Towards the close of the afternoon Pennyloaf was in Hanover Street. She wished to see Jane Snowdon, but had a fear of going up to the door and knocking. Jane might not be at home, and, if she were, Pennyloaf did not know in what words to explain her coming and say what had happened. She was in a dazed, heavy, tongue-tied state; indeed she did not clearly remember how she had come thus far, or what she had done since leaving the hospital at midday. However, her steps drew nearer to the house, and at last she had raised the knocker—just raised it and let it fall.
Mrs. Byass opened; she did not know Pennyloaf by sight. The latter tried to say something, but only stammered a meaningless sound; thereupon Bessie concluded she was a beggar, and with a shake of the head shut the door upon her.
Pennyloaf turned away in confusion and dull misery. She walked to the end of the street and stood there. On leaving home she had forgotten her umbrella, and now it was raining heavily again. Of a sudden her need became powerful enough to overcome all obstacles; she knew that she must see Jane Snowdon, that she could not go home till she had done so. Jane was the only friend she had; the only creature who would speak the kind of words to her for which she longed.
Again the knocker fell, and again Mrs.
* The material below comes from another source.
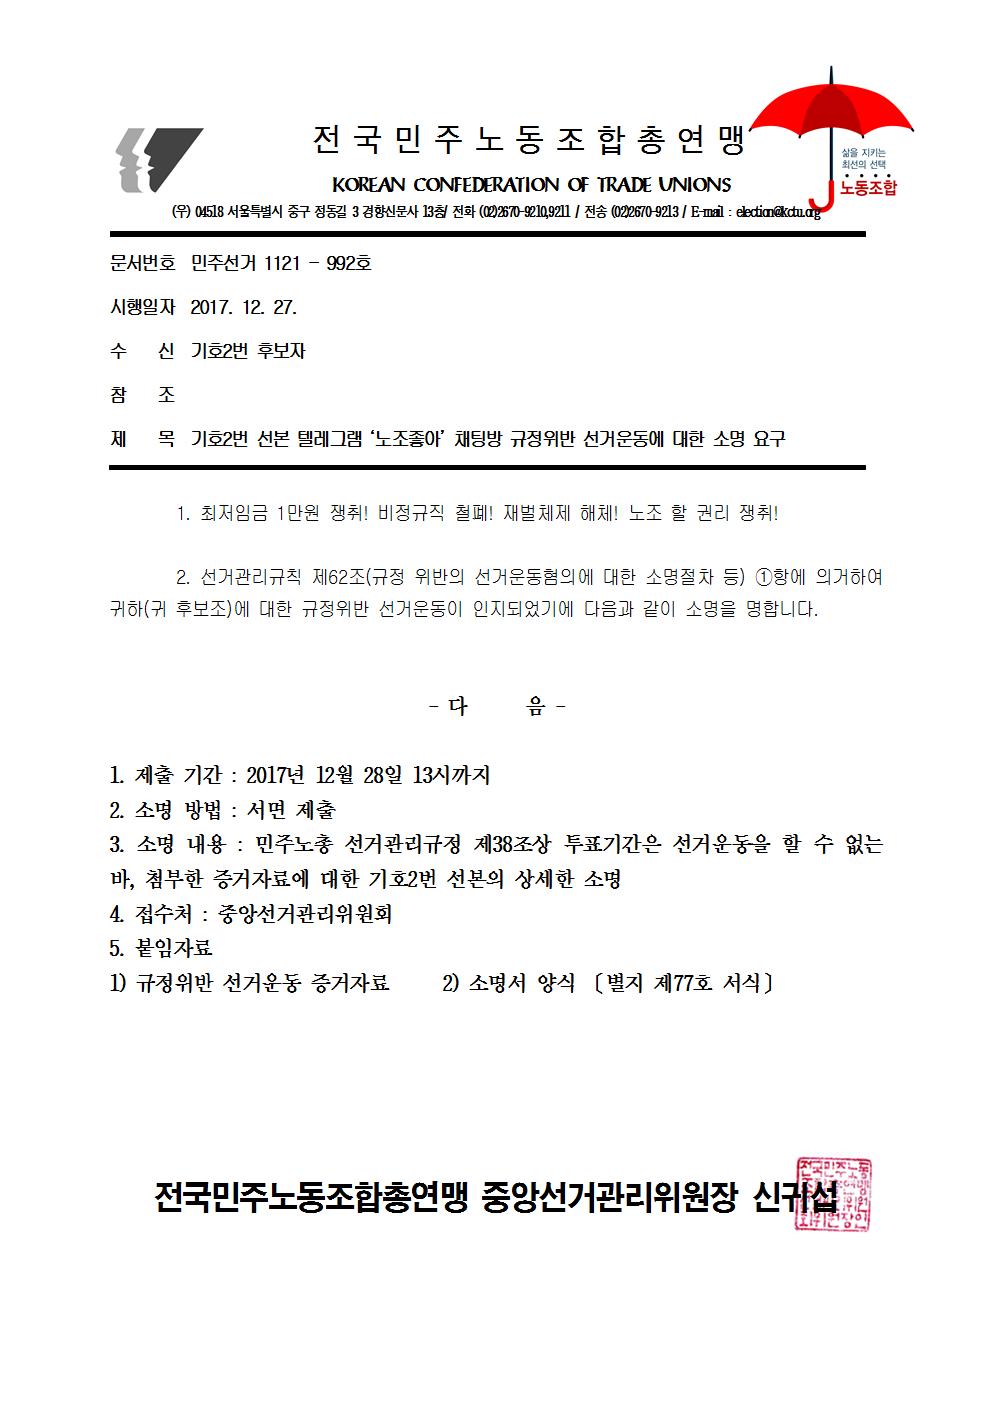 17kctu992_기호2번 선본 텔레그램 '노조좋아' 채팅방 규정위반 선거운동 신고에 대한 소명 요구001.png

Byass appeared.
'What do you want? I've got nothing for you,' she cried impatiently.
'I want to see Miss Snowdon, please, mum—Miss Snowdon, please—'
'Miss Snowdon? Then why didn't you say so? Step inside.'
A few moments and Jane came running downstairs.
'Pennyloaf!'
Ah! that was the voice that did good. How it comforted and blessed, after the hospital, and the miserable room in which the dead child was left lying, and the rainy street!